··· Source data

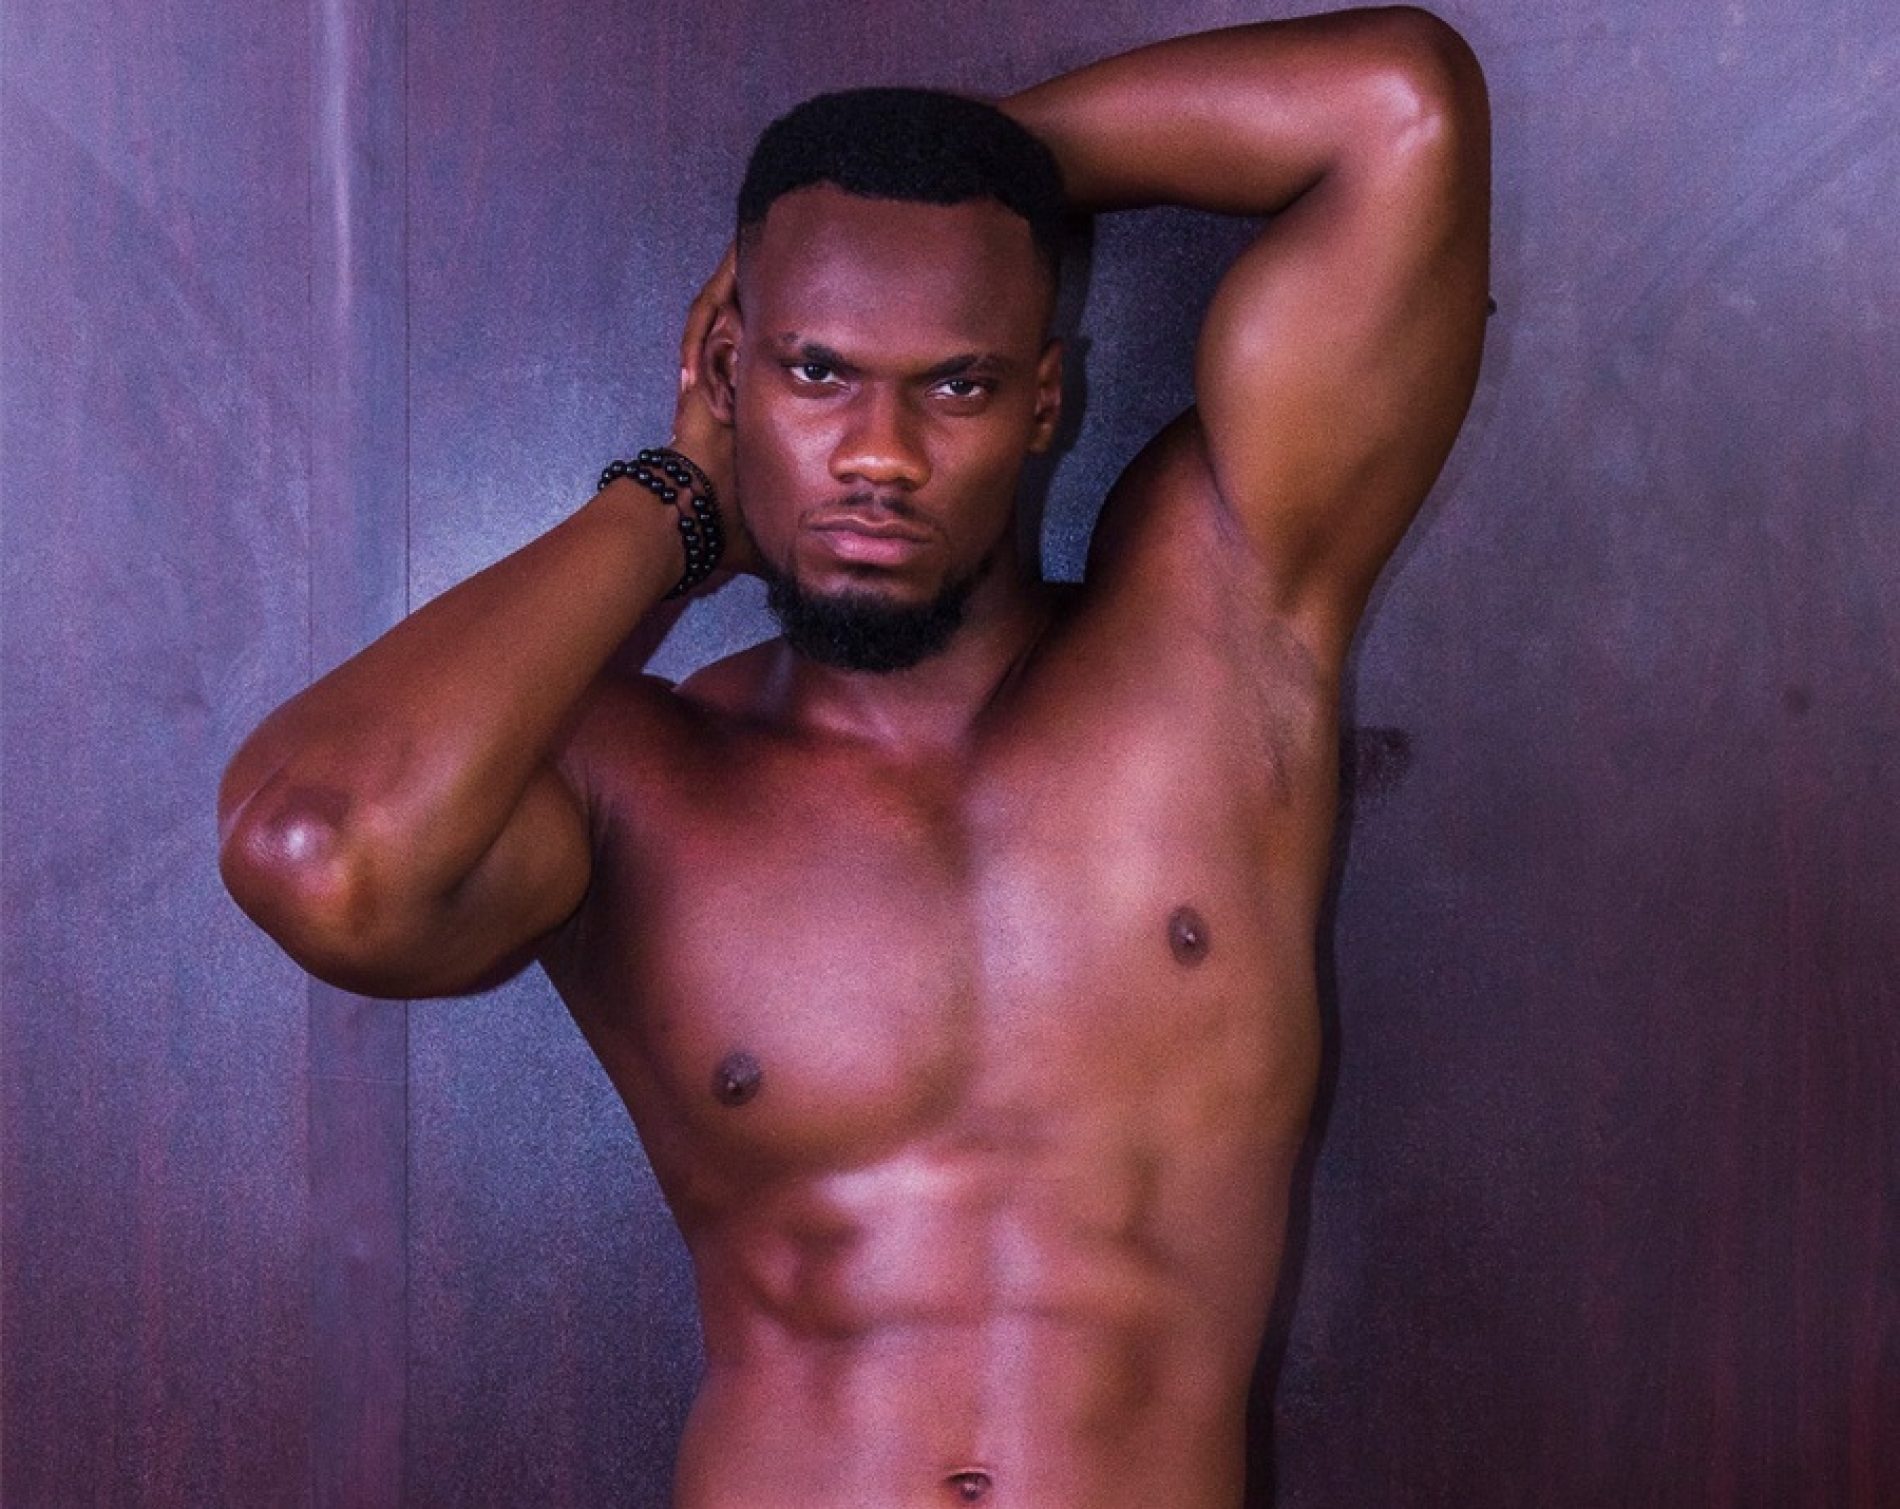 There’s a Mr. Nigeria 2018 and he is a very sexy Nelson Enwerem
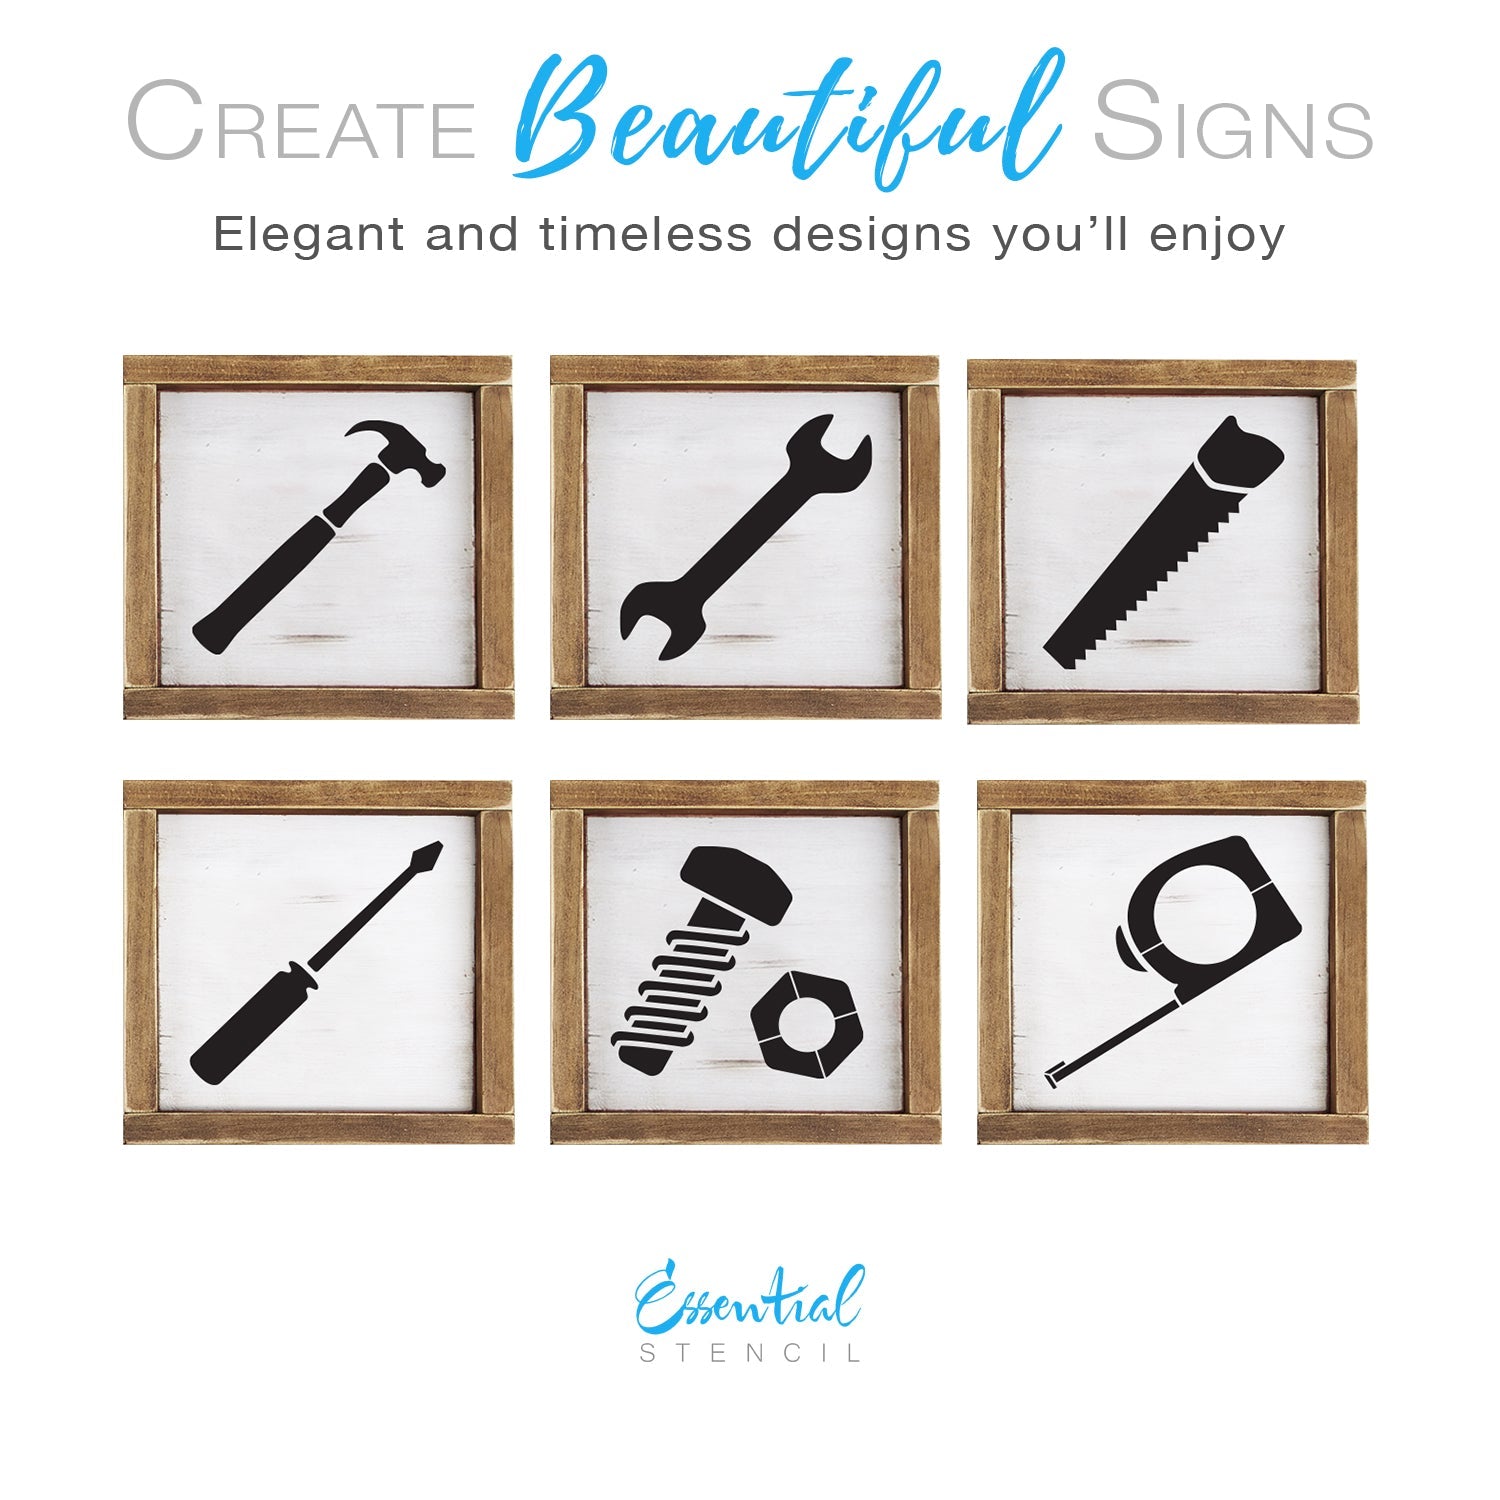 How to stencil onto wood with perfect results - Learn to create beautiful  things
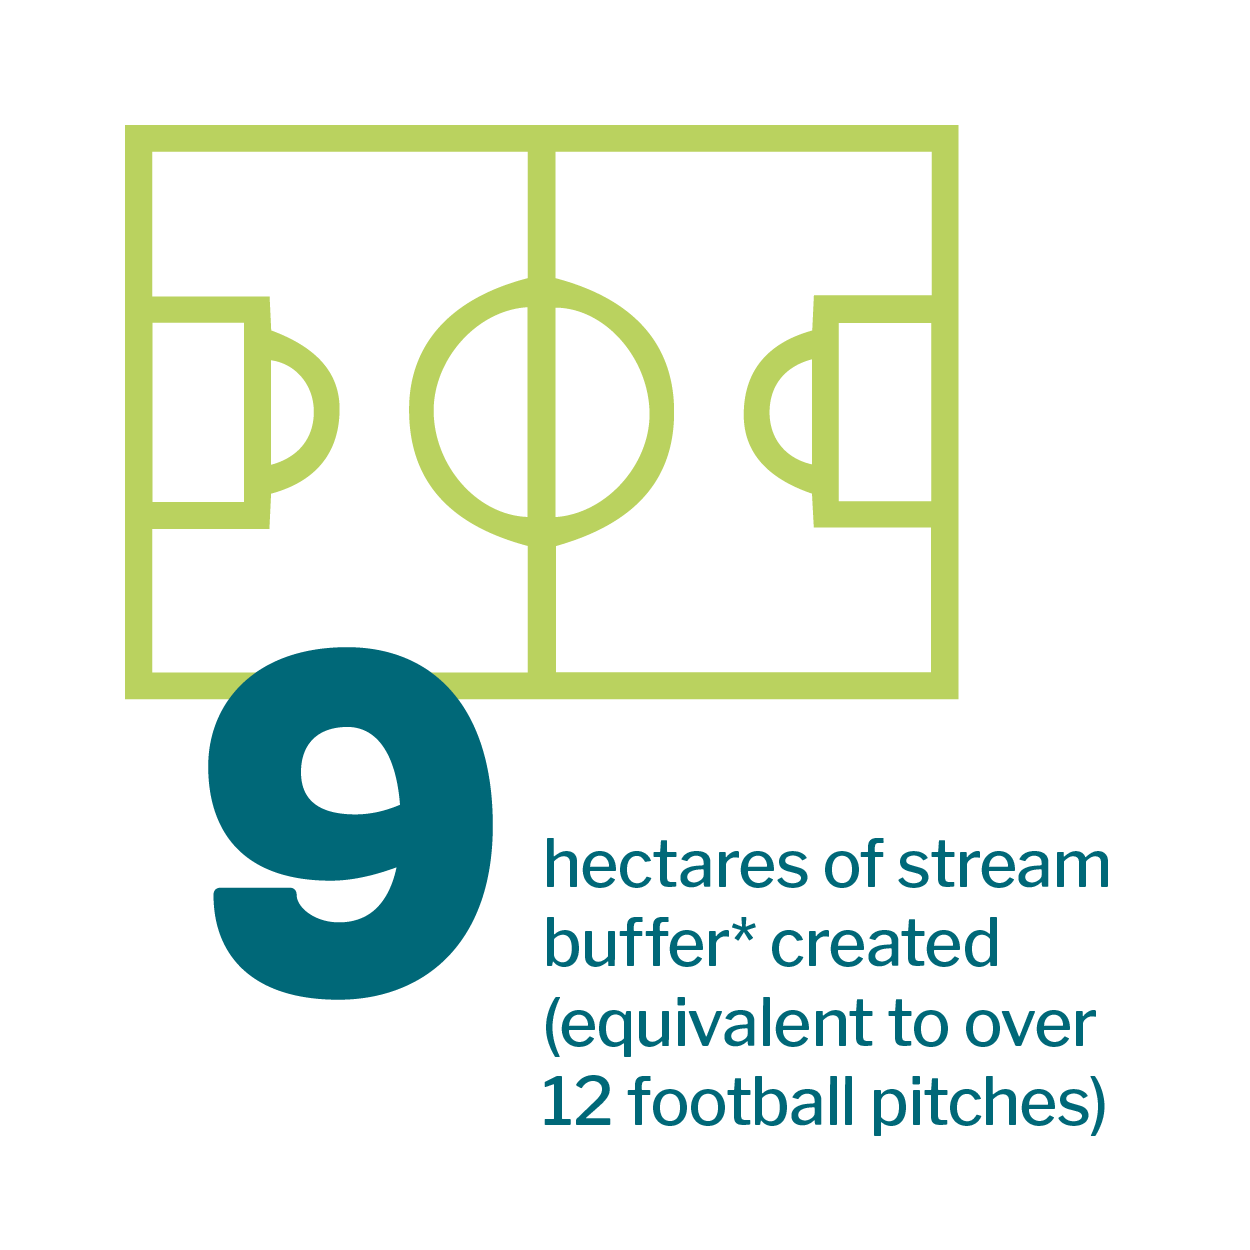 Football pitch icon that reads: 9 hectares of stream buffer* created, over 12 football pitches

······

▶ **What is required**
Reproduce the data above without a single change, please, but without its pictures.

▶ **Output below**
 There’s a Mr. Nigeria 2018 and he is a very sexy Nelson Enwerem
 How to stencil onto wood with perfect results - Learn to create beautiful  things
 Football pitch icon that reads: 9 hectares of stream buffer* created, over 12 football pitches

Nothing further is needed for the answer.